Atención a los cambios de agenda mediática dictada por la propaganda oficial: los formadores de opinión tuiteros y de la prensa tradicional se preparan en estas horas para mudarse de claustro académico para nutrir su discurso persuasivo. Ya no gritarán más: “¡lo dice la Ciencia!”. Ahora ensayan la orden: “¡lo dice la Ley!”. Mientras el Coronavirus sigue multiplicándose en los grandes centros urbanos y la cuarentena va cayendo por su propio peso, Alberto Fernández ya encara con premura su relato pospandémico, para ocuparse de lo que acaso más le importa a la jefa de la coalición gobernante: el escenario judicial.
Esta semana, la Corte Suprema de la Nación comenzó a levantar la feria judicial sanitaria, al tiempo que se reanuda el juicio oral por el curioso enriquecimiento de Lázaro Báez, y el resto de las causas contra Cristina Kirchner y compañía empiezan a quedar sin excusas para su ralentamiento. Con la negociación por la deuda estancada y la economía en terapia intensiva, la presión emocional al interior del Frente de Todos dejó expuestas sus grietas de origen. Por ese motivo, ya es tiempo de activar la cláusula fundamental del pacto de gobernabilidad K: los “presos políticos” -presentes y futuros- deben quedar libres de culpa y cargo de una vez por todas. Aunque incluso en el tema tribunalicio no hay una convergencia absoluta entre el albertismo, el cristinismo, el massismo y el peronismo federal, la reforma judicial puede darle el punto de apoyo a un Gobierno que busca ansiosamente su símbolo de paz interior.
Esa reforma judicial que el Presidente promete motorizar en breve, supone la revisión del número de miembros de la Corte, el lanzamiento de una bomba neutrónica sobre Comodoro Py y la revisión de mecanismos de asignación de jueces y fiscales, entre otras maniobras que luzcan como saneamiento pero que, en realidad, funcionen como garantía de control por parte del kirchnerismo. Para darle la legitimidad mínima que se necesita para encuadrarla institucionalmente, Alberto Fernández busca el apoyo o al menos la tolerancia cómplice de aliados tácticos en la oposición, algunos de ellos cultivados durante el miedo pandémico. La nueva versión del Pacto de Olivos entre peronismo y no peronismo parece que será viral, o no será. O sea que es ahora o nunca.

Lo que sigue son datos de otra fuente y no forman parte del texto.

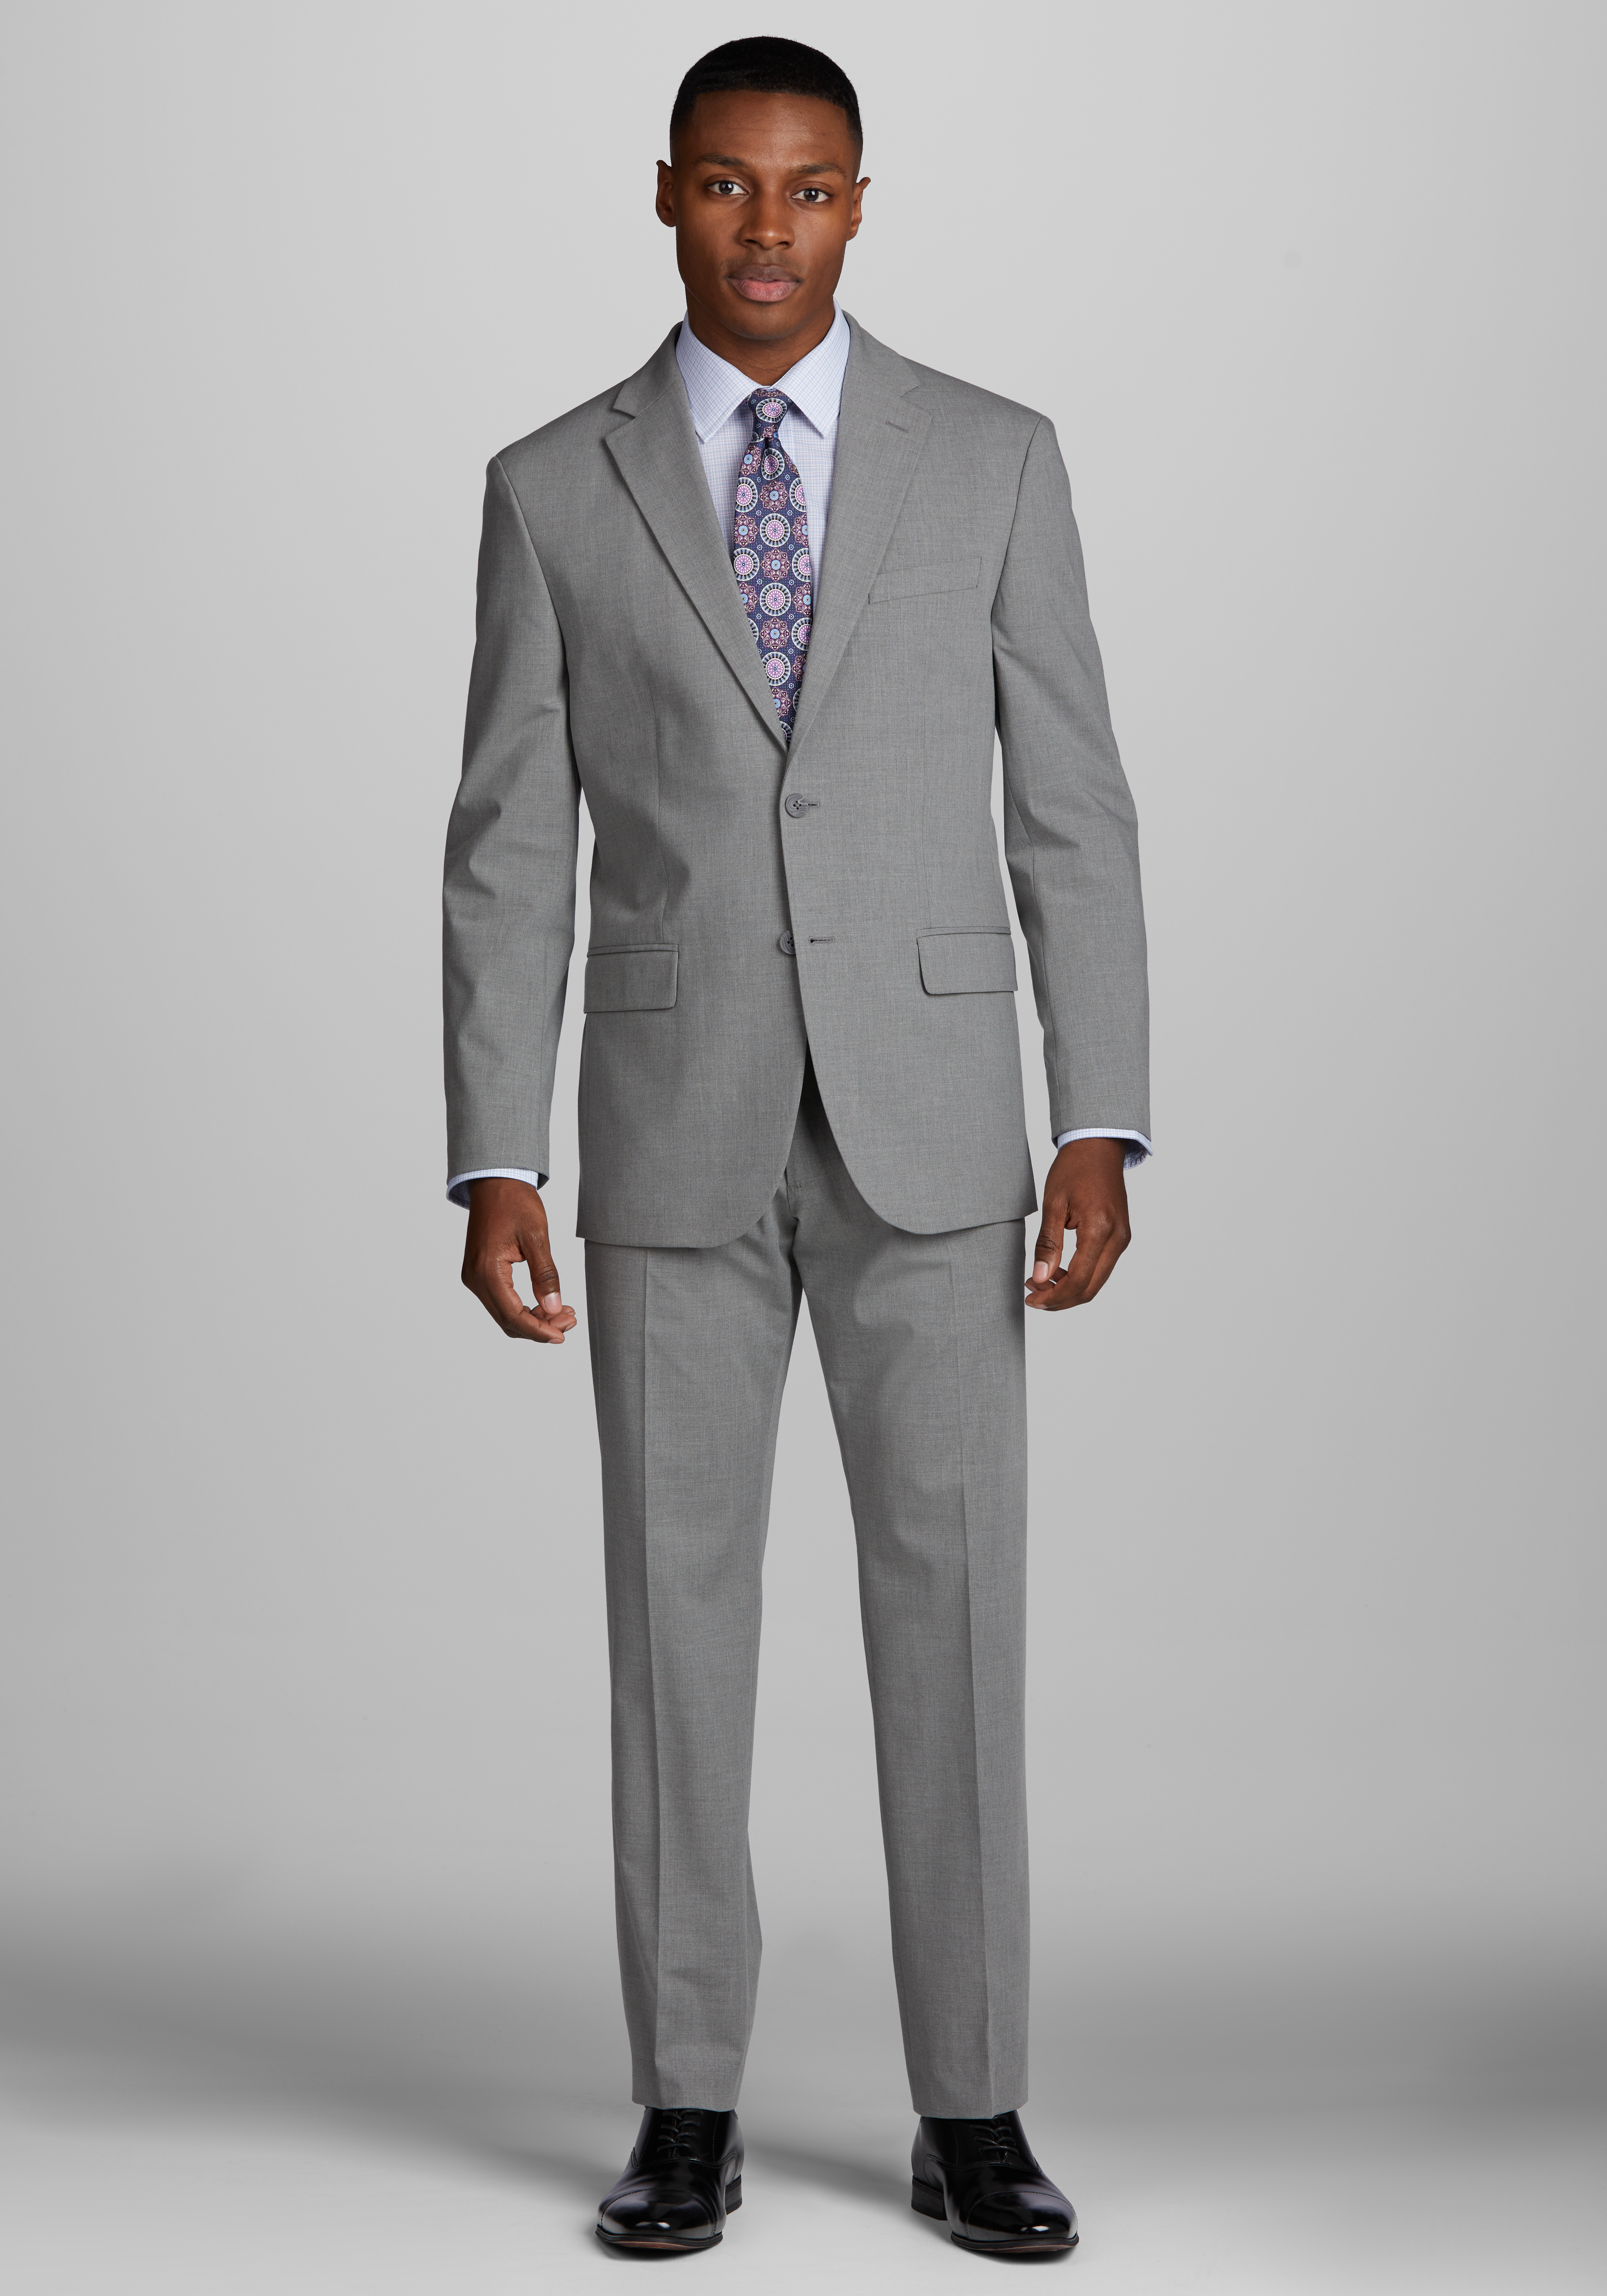 Shop Men's Suits & Clothing on Sale | Jos. A. Bank

Lo que no está claro todavía es si ese eventual pacto judicial entre oficialismo y oposición para una reforma “por las buenas” incluiría garantías sobre la libertad futura de Mauricio Macri y su núcleo duro, o si precisamente el plan K es proponerlo como el chivo expiatorio perfecto para justificar lo injustificable: si desde hace años los políticos y la prensa multicolor vienen asociando la debacle nacional con la corrupción, ¿cómo podría sostenerse la absolución de todo el elenco K, precisamente en medio de la peor recesión de la historia argentina? Alguien tiene que pagar.
Pero además de los costos políticos y simbólicos, la crisis actual plantea una factura colectiva que, como sucedió luego del 2001, le tocará repartir a la Justicia entre los hogares argentinos, arbitrando entre ricos y pobres pero también entre no tan ricos y no tan pobres. Las consecuencias de un salvataje caótico y asimétrico lanzado por el Estado para aplacar la furia y el pánico de la sociedad civil ante el derrumbe económico generalizado amenazan con una catarata de amparos y otros pedidos de arbitraje del Poder Judicial entre millones de actores afectados. Tal como sucedió tras el estallido de la Convertibilidad, la Argentina vuelva acaso a mirar a los jueces como los encargados de resolver aquellos dilemas que ni legisladores ni funcionarios del Ejecutivo pudieron superar. Pero ese proceso de empoderamiento algo aberrante y espasmódico de los magistrados quizá se despliegue justo cuando todo el Poder Judicial esté en tela de juicio por la reforma K para salvar a Cristina. Una paradoja que traerá de todo, menos previsibilidad a la ya patológicamente incierta economía nacional. Será por eso que el Presidente le acaba de decir al Financial Times que no cree mucho en hacer planes.